A história de Ayrton Senna (1960–1994) nunca teve um ponto final. Ao contrário, seus feitos e seu nome seguem ecoando após três décadas de sua partida. A grande prova disso é o Instituto Ayrton Senna, presidido por sua irmã, Viviane Senna (66). O piloto nunca escondeu o desejo de ajudar o Brasil a reduzir as desigualdades sociais e a criar oportunidades para as futuras gerações por meio da educação. Seu objetivo era que todos pudessem ser campeões em suas jornadas.
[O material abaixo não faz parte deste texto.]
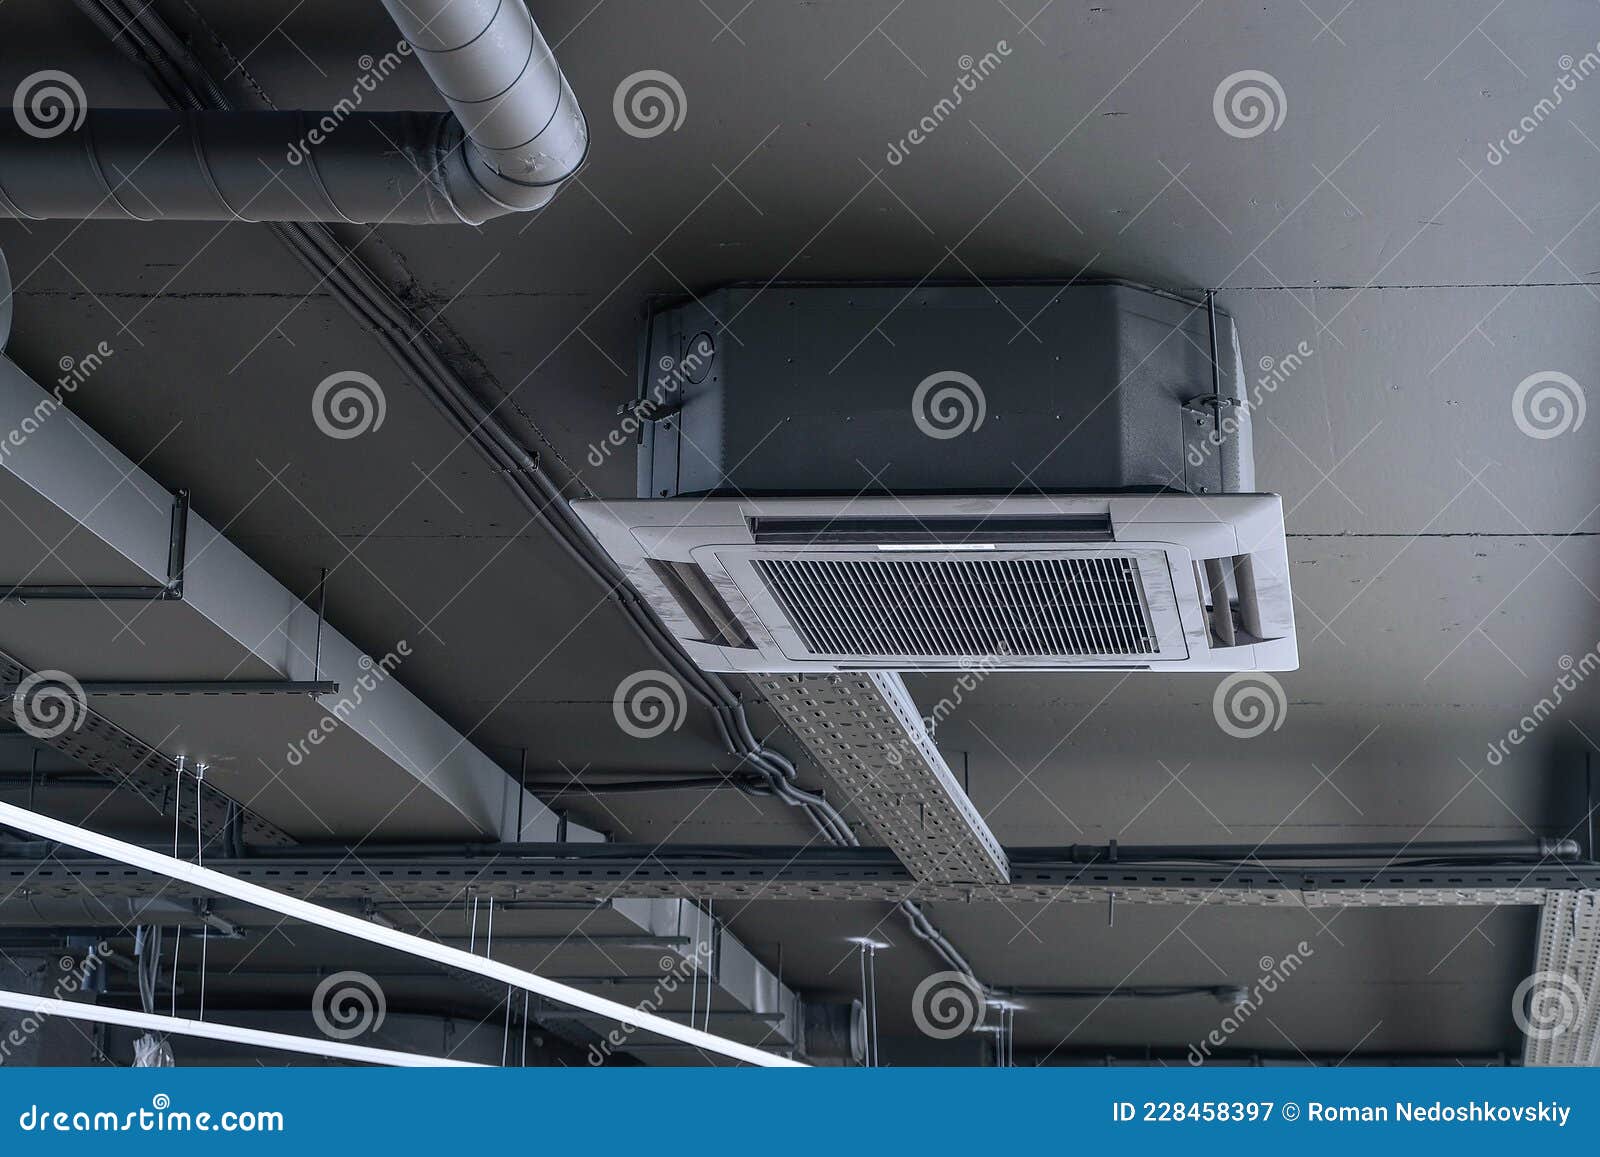 Cassette Split System on Gray Ceiling with Ventilation Ducts Stock

Meses após a morte, a família concretizou o sonho de Senna e, hoje, passados 30 anos da criação, os resultados e conquistas são tão relevantes quanto os feitos nas pistas: mais de 36 milhões de crianças e jovens impactados positivamente pelo Instituto. Tudo isso, somado à uma legião de admiradores que ajudam a eternizar a memória do herói nacional. “Em um momento com tantos desafios como os anos recentes, a mensagem de esperança e persistência deixadas pelo Ayrton são mais relevantes do que nunca, e seguem inspirando as novas gerações a superarem obstáculos e a sonharem com um futuro promissor”, diz Viviane, em entrevista exclusiva para CARAS.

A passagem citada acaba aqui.